Are high mountains possible with random map generation

openttd

I'd like to generate a map with a few big mountains to vary up the landscape and add some challenge.
So far, even using Alpinist, all I get are high plateaus at about 2000m / 6000ft and most of the map ends up at that altitude.

What I'm looking for is peaks that jut out from the land more suddenly and don't take a ton of space. Things that can go up to 7000m / 20,000ft I also wouldn't expect them to be exploitable during the game.

Is there a way to get that with random generation or will I have to use the scenario editor?

Best Answer

Settings for a mountainous region with altitudes in the 60 units or so

By fiddling with landscape generation in the scenario editor, I realized two important things:

The game only has 45° slopes and no concept of drops/cliffs

What this means is that if you want a peak at Z coordinate 80, and your base land level is at Z coordinate 1, the game will to go from 80 to 1 tile by tile, one vertical unit at a time. This means peaks take a lot of space on a map.

Consequently...

Higher peaks need larger maps

On smaller maps, the game seems to "hold back" on altitude, possibly because of the above requirement. 512x512 maps are never going to get big heights. 1024x1024 start getting altitudes in the 60 units. I tried a 4096x4096 map and finally got things in the 80 units.

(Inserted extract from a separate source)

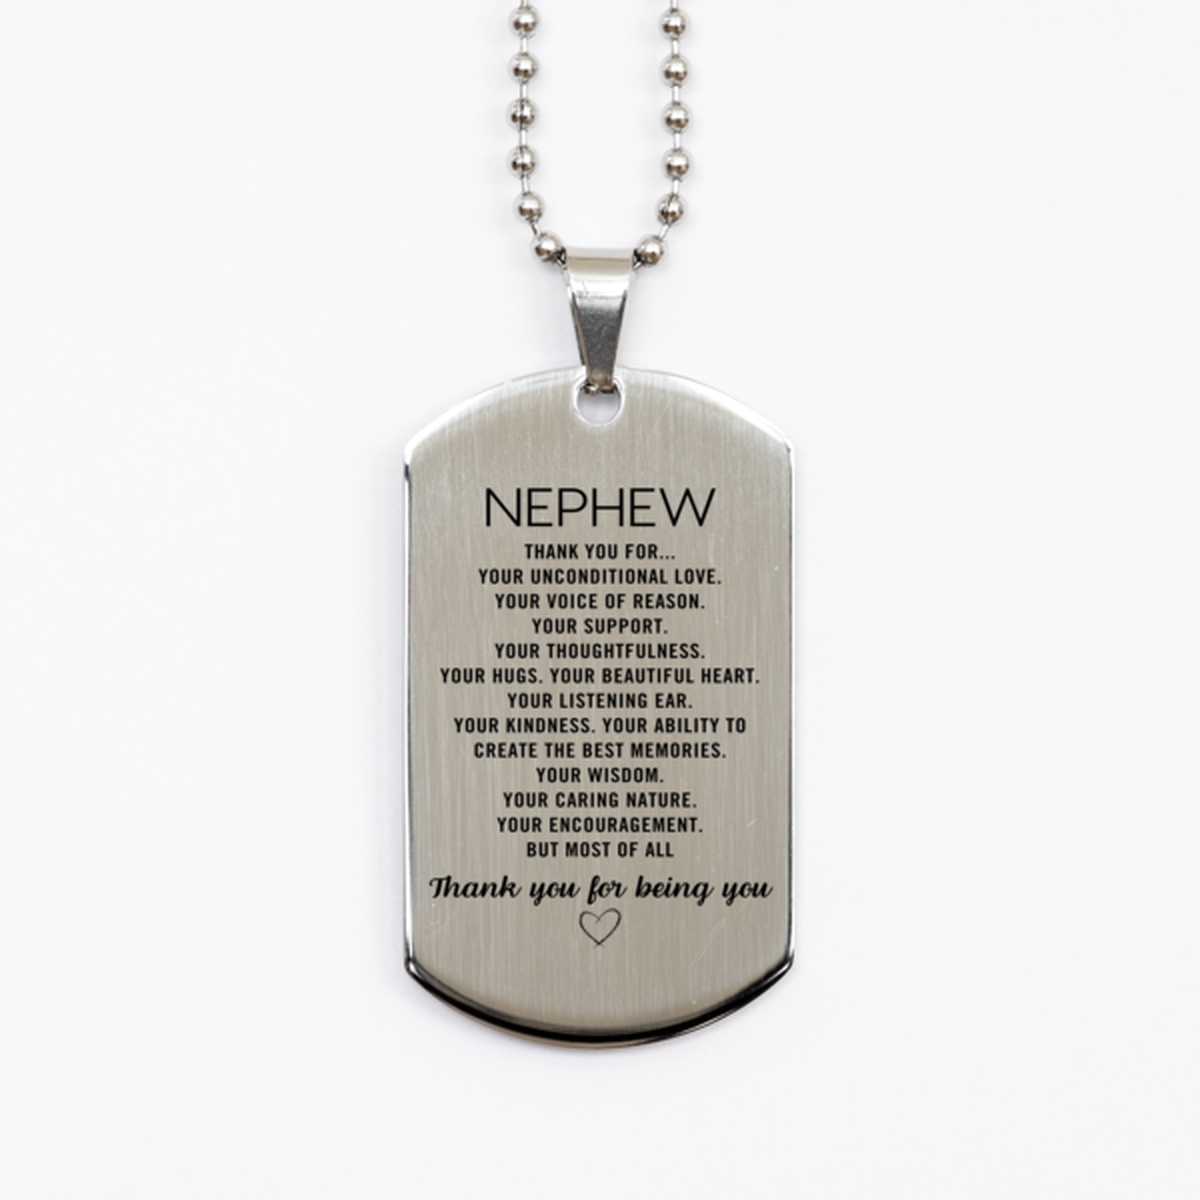 Nephew Silver Dog Tag Custom, Engraved Gifts For Nephew Christmas Graduation Birthday Gifts for Men Women Nephew Thank you for Your unconditional love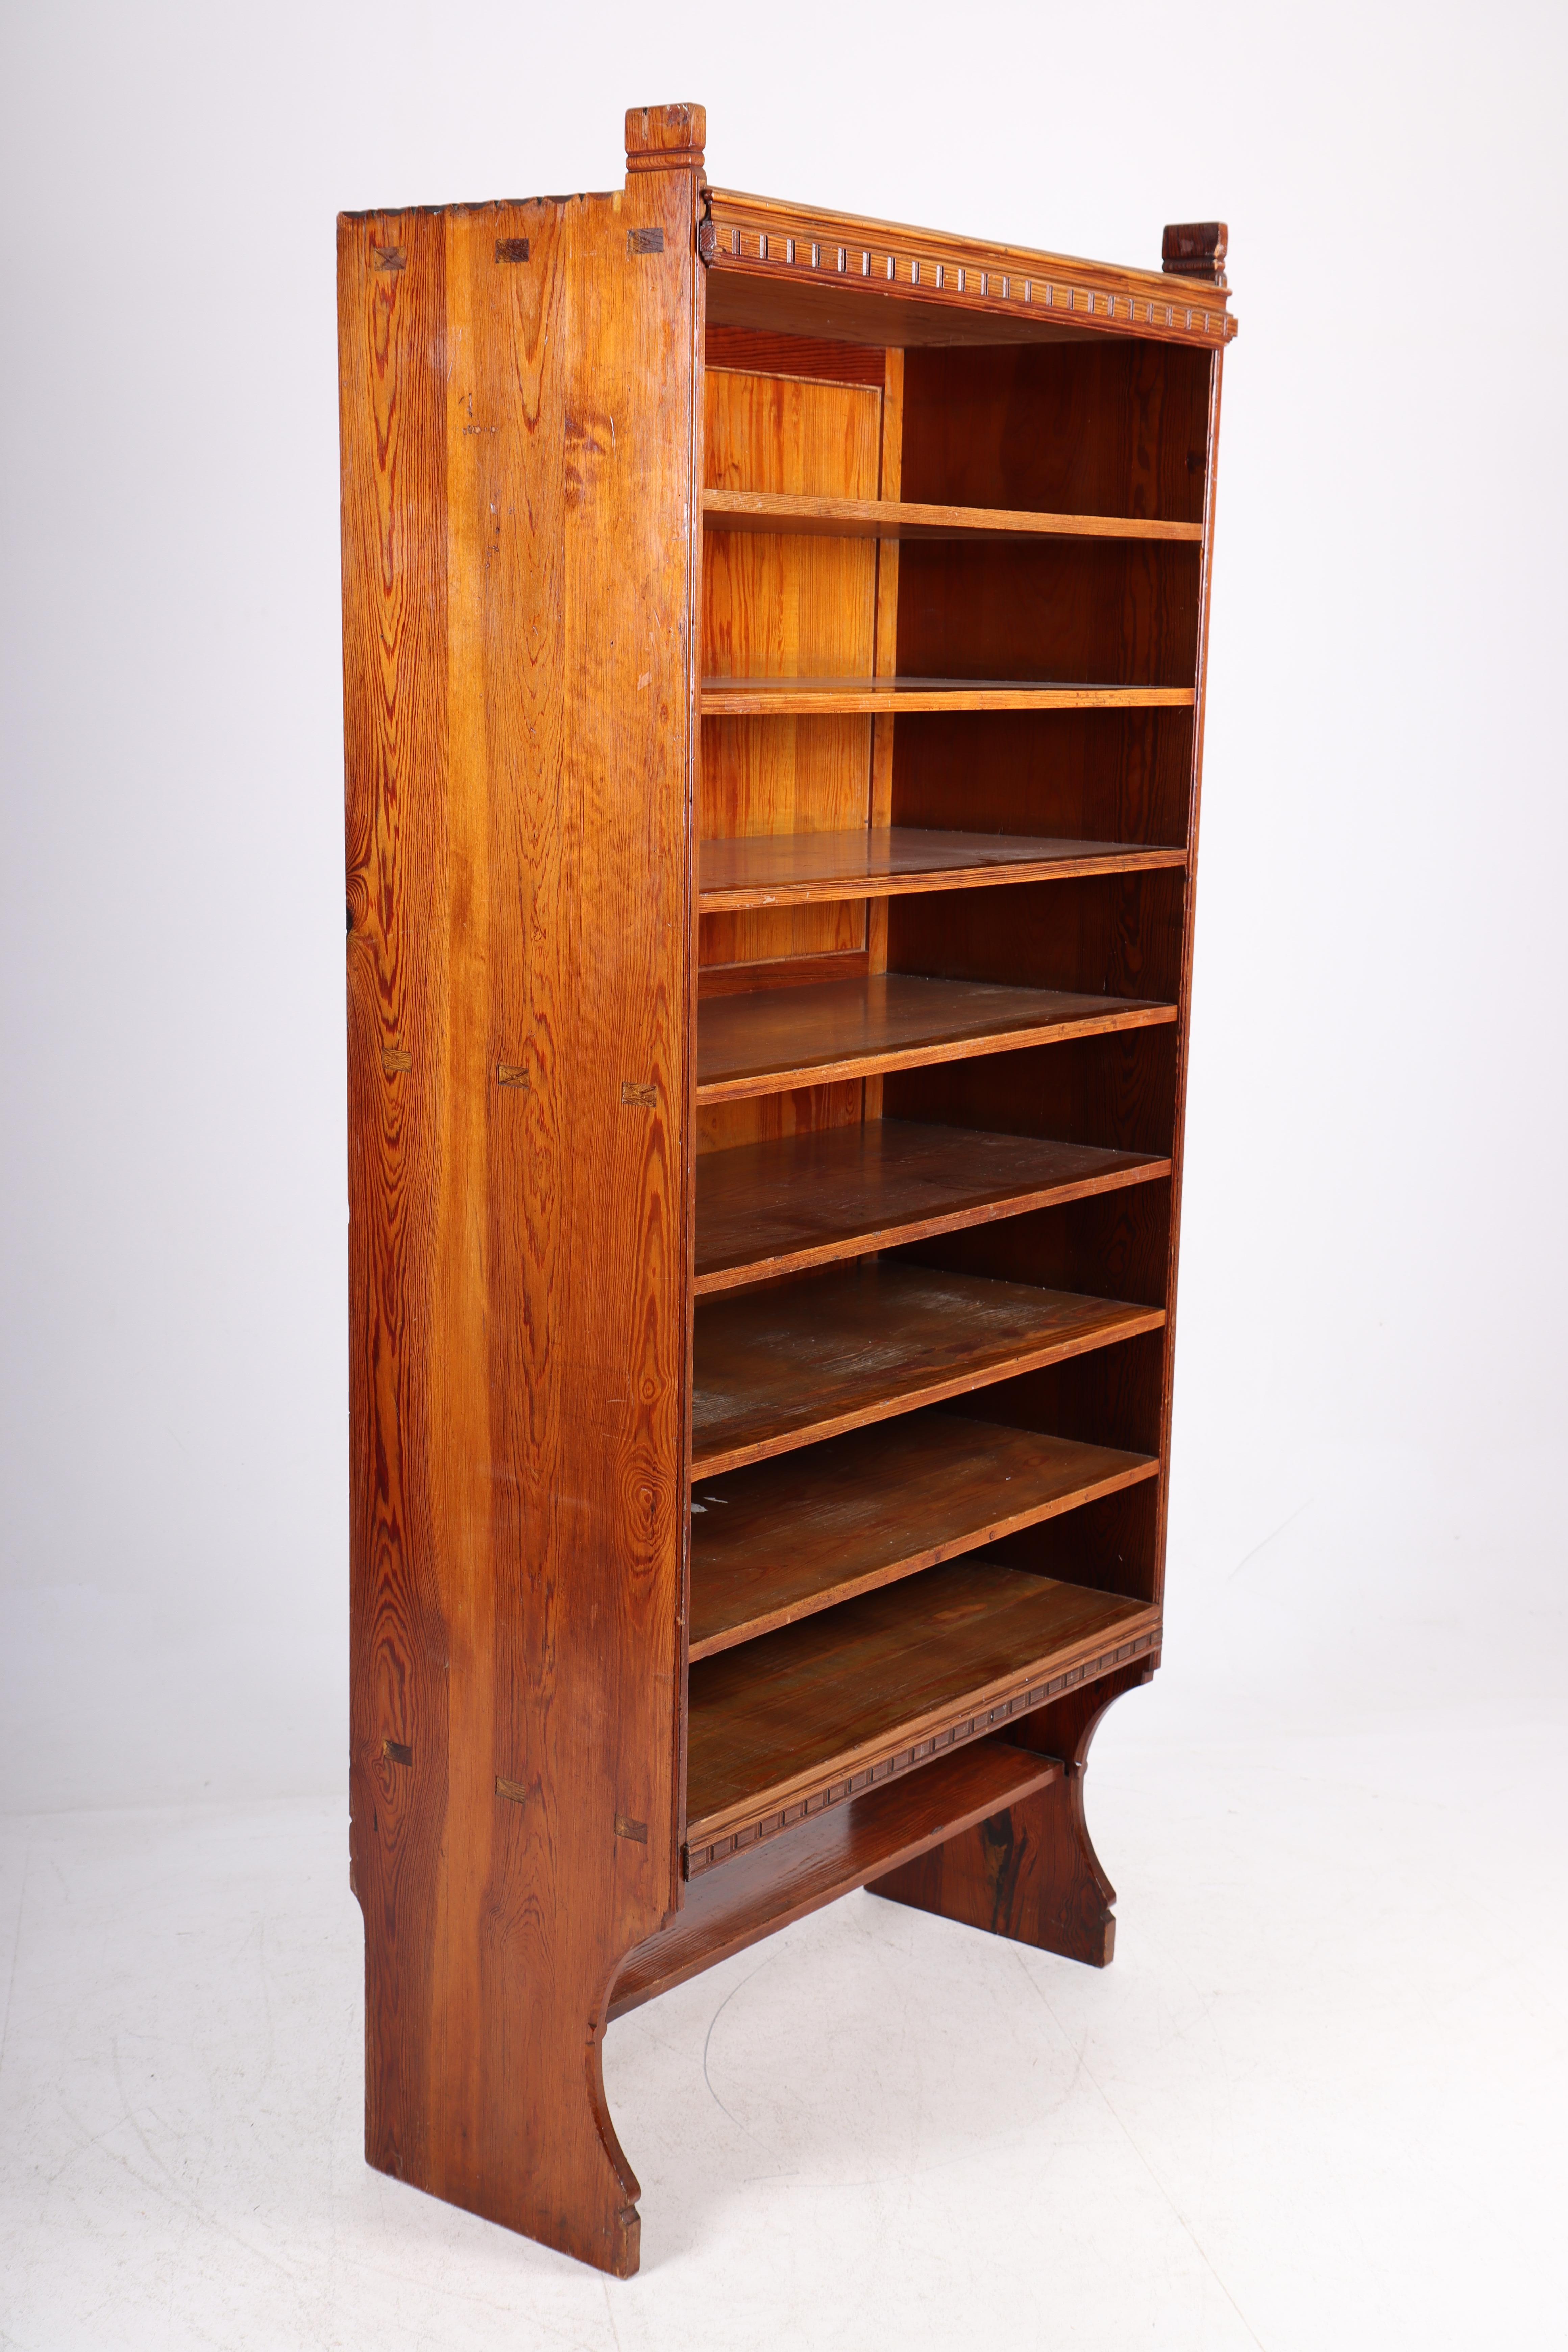 Early 20th Century Bookcase in Solid Pine Designed by Martin Nyrop for Rud Rasmussen For Sale

I did not manage to reach anything near the maximum of 255 units.

Other important settings

Terrain Type

Alpinist, not surprisingly, seems required for this to work.

Maximum Map Height

This seems to be a cut-off point rather than indicating a range. Setting it to 255 (max) does not seem to suddenly create higher mountains. It does change the altitude colors in the game though, so it seems best to keep it close to the maximum height generated based on the other settings.

If the settings give a maximum height of about 60 units, setting this to 65 means the highest altitude will show as white on the map.

Roughness

Rough to Very Rough seems needed to get sharp mountains. Still, the game will often create plateaus, sometimes large ones, on top of mountains.

Keeping the Smooth setting will create spread-out hills of low altitude. Not what we're looking for here.

Variety Distribution

Medium or High seems to give good results. Lower settings seem to either create a mostly flat land, or map cut in two halves, one big mountain and a valley.

The Very High setting seems to cut down the size of mountains too much.

Sea Level

I didn't fiddle with this much but I assume a Very Low setting is better if you still want valleys not covered in snow (though fiddling with the Snow Line level might also do the trick).